So it's been a while since I've joined up for Friday Confessional - but I feel I'm feeling a doze of honesty this morning! (Rissy this is the conffesional I link up with sometimes!)
I confess that I took a drug test this morning and I'm terrified that I might fail. No....I'm not a drug user. In fact, I've never done drugs in my life. I'm a little too paranoid for all the jazz. But still...the anxious control freak in me is terrified that the lab might mix up my test results with someone else and my new company will pull my offer because I failed my drug test. Yes...I'm the kind of person that worries about these things. Plus...there were some *sketchy* looking people in the waiting room at the drug test center. Oh and the name of the center I tested at is STD Testing Center. (I kid you not!) Fail.....

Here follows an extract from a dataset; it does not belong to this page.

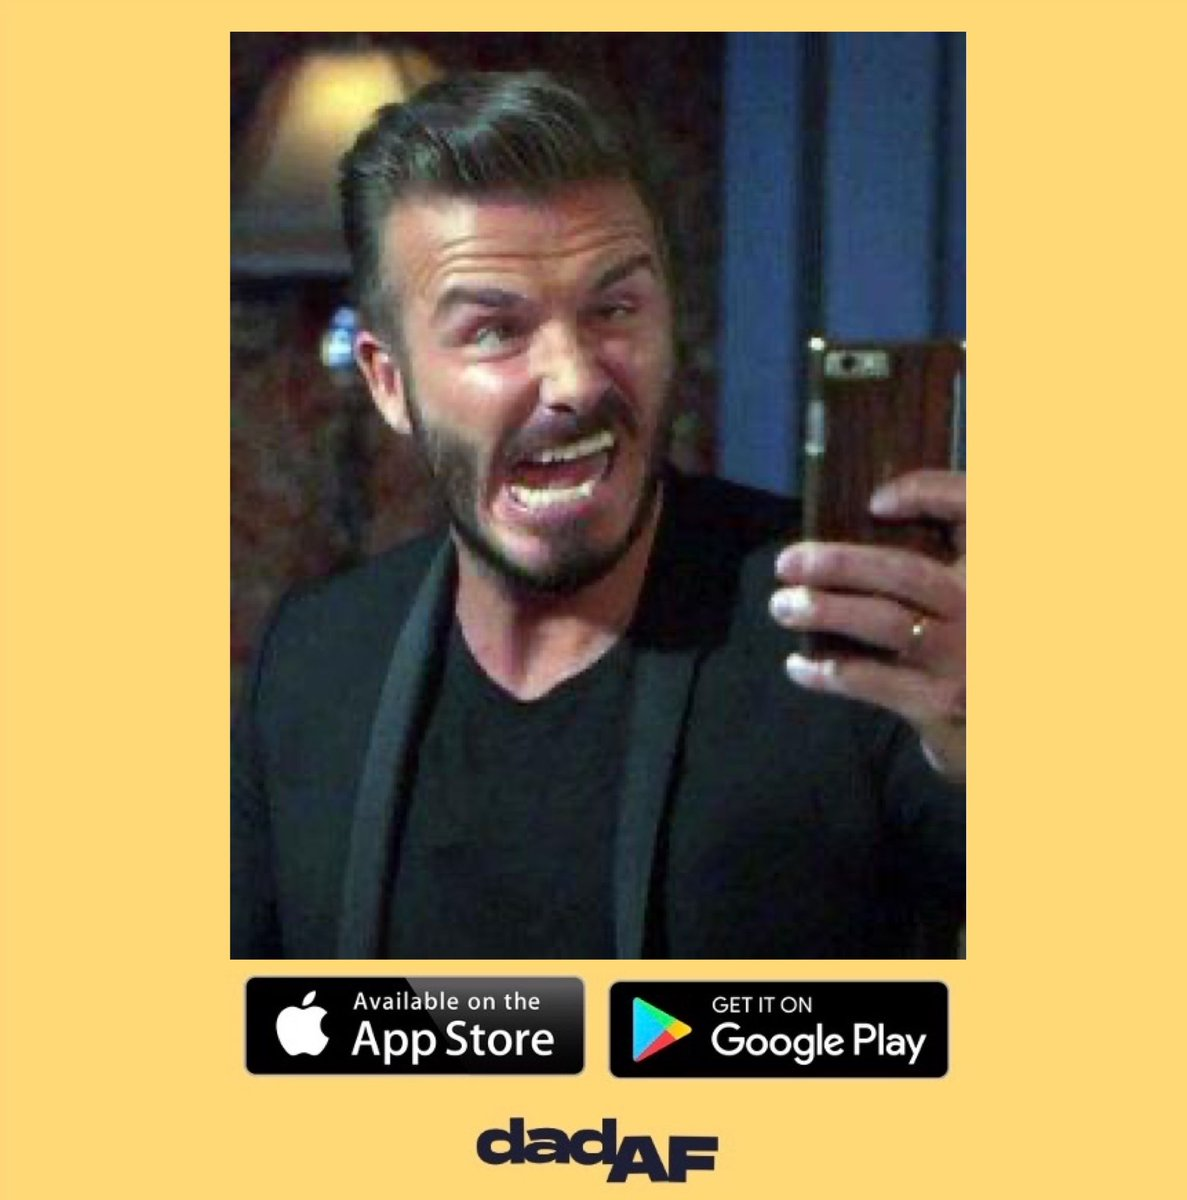 David Beckham taking his profile picture for the Dad AF app... he's a funny guy • • • #dad #dadaf #dadlife #dads #davidbeckham #beckham #england #football #manager #footballplayer #footballcoach #dadcommunity #dadnetwork #footballcommunity #footballdad #footballkids #parentingpic.twitter.com/HfUGx7v2i8

I confess that I'm a little emotional about today being my last day at my job. I've had such a great 13 months here. I've learned so much and been blessed with amazing mentors. I've developed some true friendships. It will be sad not to see these people everyday. Despite the fact that I am thrilled about this new opportunity, I'm a little sad to walk away from my current employer. I keep trying to remind myself when one door closes.....
I confess that I'm super nervous about my first day at the new job on Monday. I've got my outfit picked out, got the quickest route to work mapped out, got my game face on - but still, I've never been great at change. I have tried to kid myself my entire life that I can "roll with the punches" but the older I get the more comical that little white lie becomes.

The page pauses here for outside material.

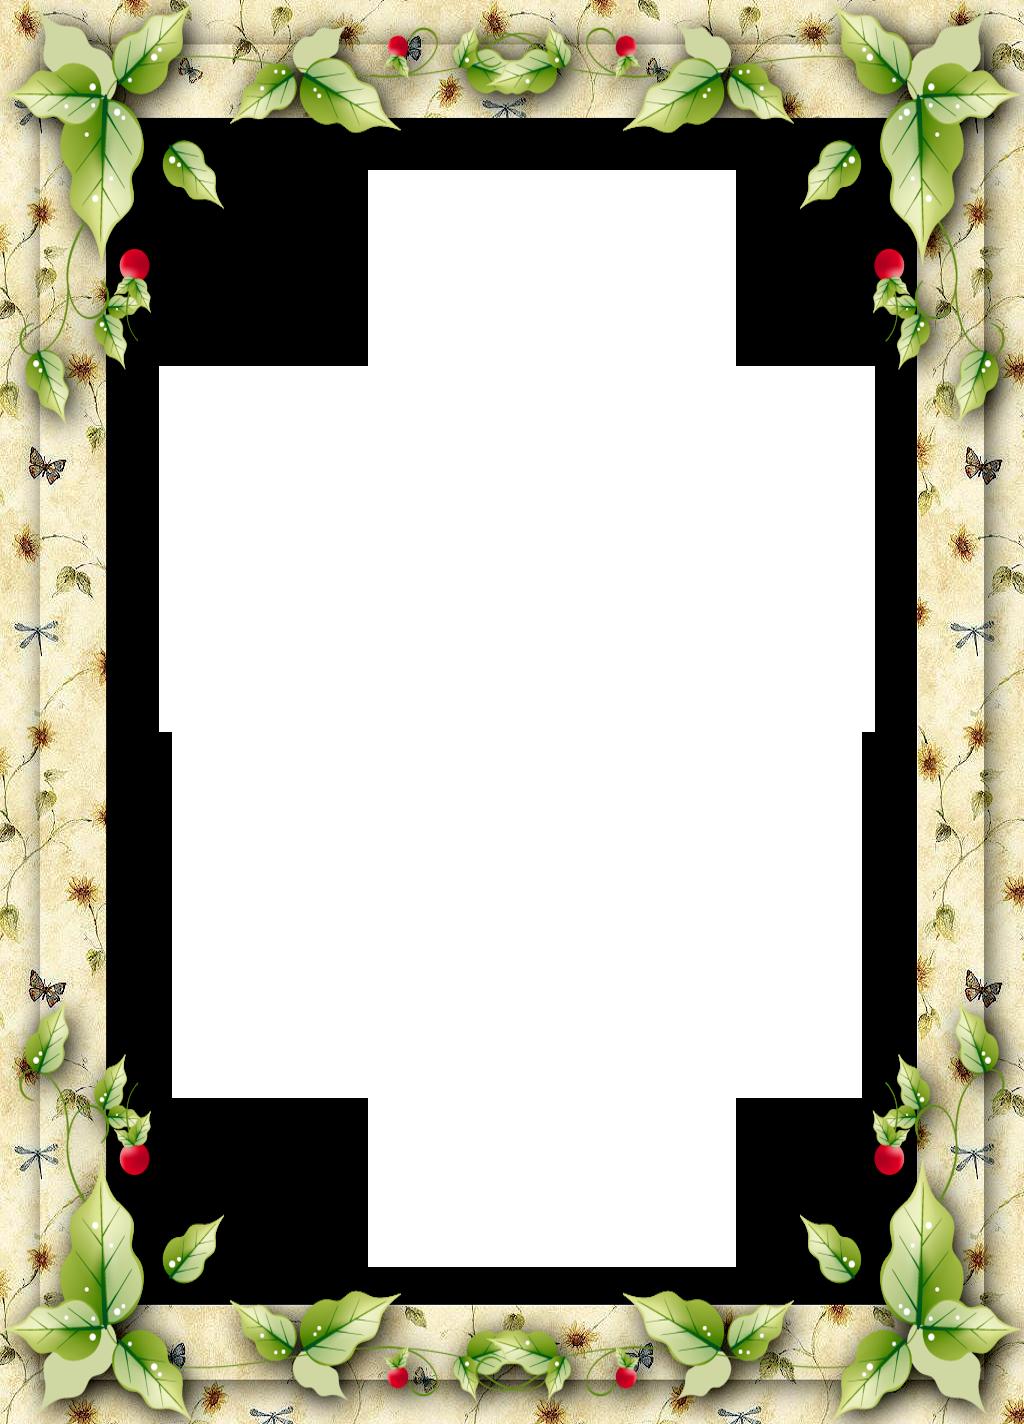 Clipart borders religious. Christmas frame with mistletoe

I confess that I do not have a perfect marriage. GASP! SHOCK & AWE!!! I know that comes as a surprise to many of you, but it is true, my marriage is not all rainbows and butterflies. I feel the need to confess this for multiple reasons - mainly, just to be real. I have had numerous conversations with bloggers lately ranting about those bloggers who just seem *so perfect*. We all know the kind. And I'm not judging them. If anything, I'm jealous of them. But I just truly wonder how some people can be so flawless. Literally seems like rainbows and butterflies.
After careful review of my blog, I realize that I tend to blog about the good stuff in my marriage and not the bad. To be honest, I'm not a big fan of airing my dirty laundry for the world to see. Also, there really is significantly more good than bad in my relationship. Three years in and I'm still madly in love with this man. He makes me laugh. Makes me feel protected. Makes me feel treasured. I'm so blessed.

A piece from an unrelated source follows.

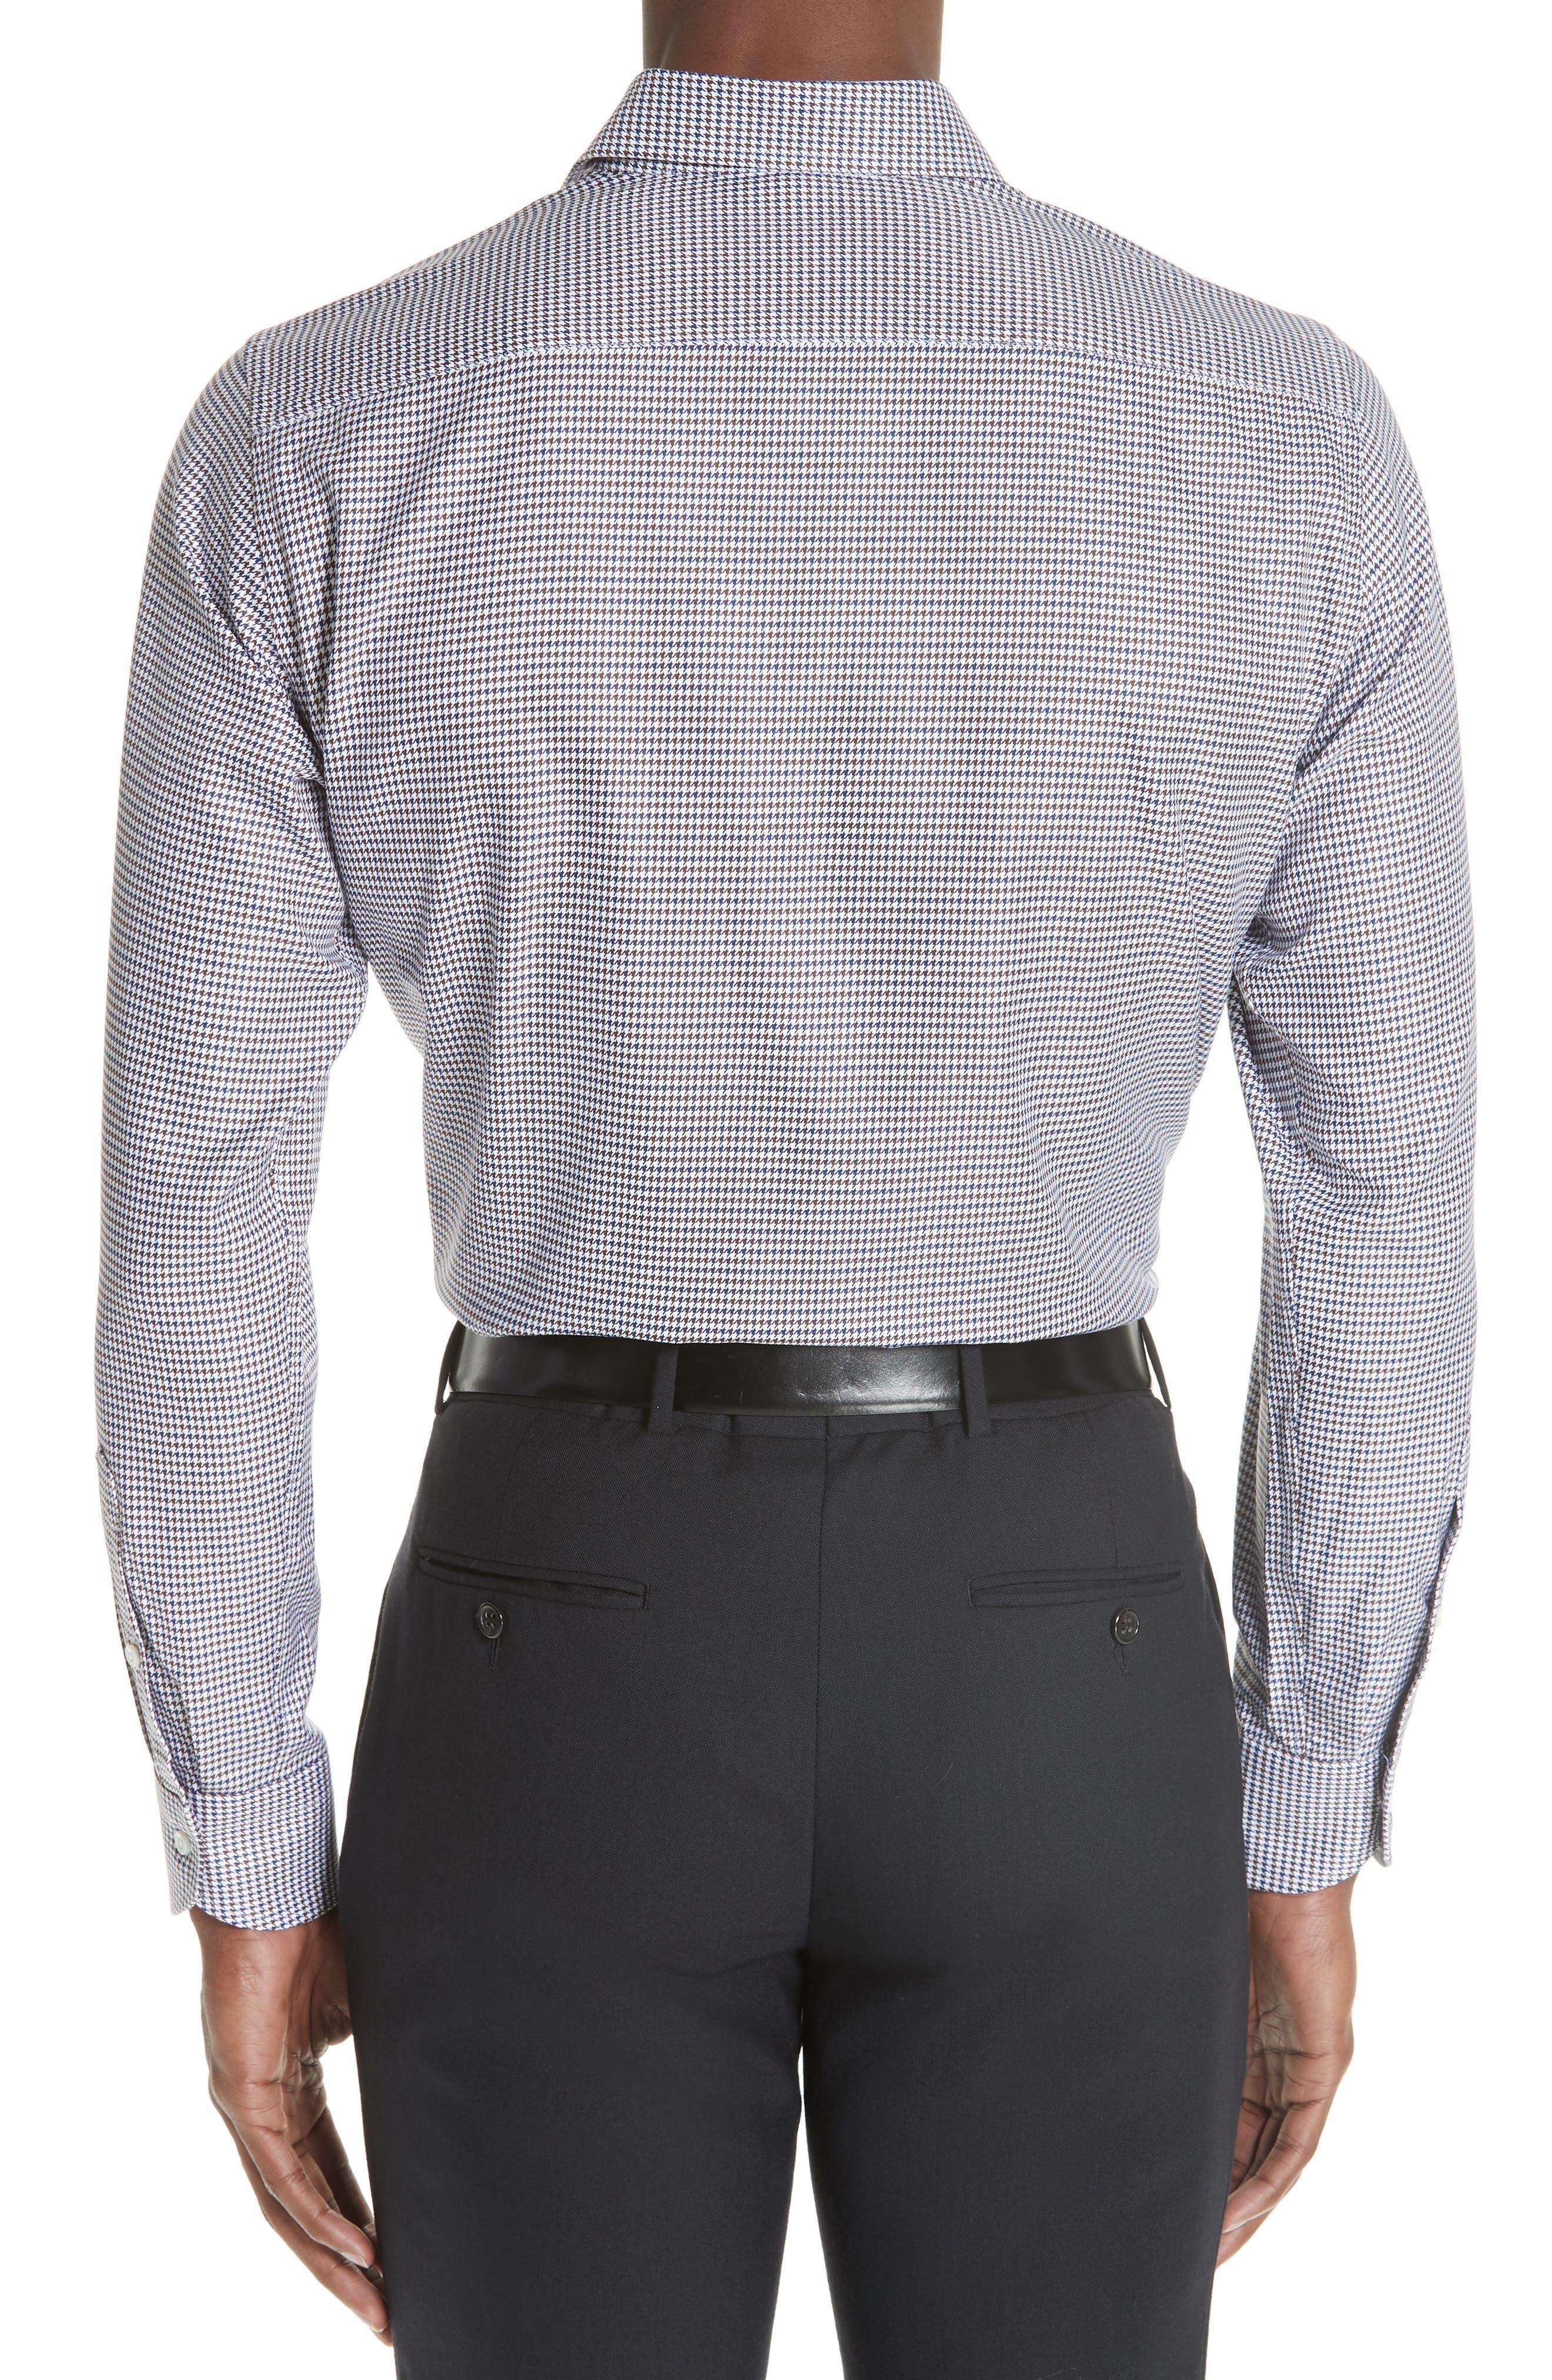 Regular Fit Houndstooth Dress Shirt,                             Alternate thumbnail 3, color,                             NAVY/ BROWN

However, my marriage has it's imperfections, insecurities, and communication issues. We don't fight often, but when we do, we bring the good stuff. We often joke that we could sell tickets to our fights because they are definitely a "main event". That's just a product of our personalities. We are both incredibly passionate, emotional, quick tempered people. We get pissed easily but we forgive even more easily. It's a blessing and curse all in one.
So there you have it. I've been honest. It may seem like rainbows and butterflies - but I've got my flaws. I'm somewhat high maintenance and demanding. I'm slightly neurotic and overbearing. And I won't even get started on my husband's flaws. :) :) We aren't perfect - but we are 100% in love and committed. That's as good as it can get folks!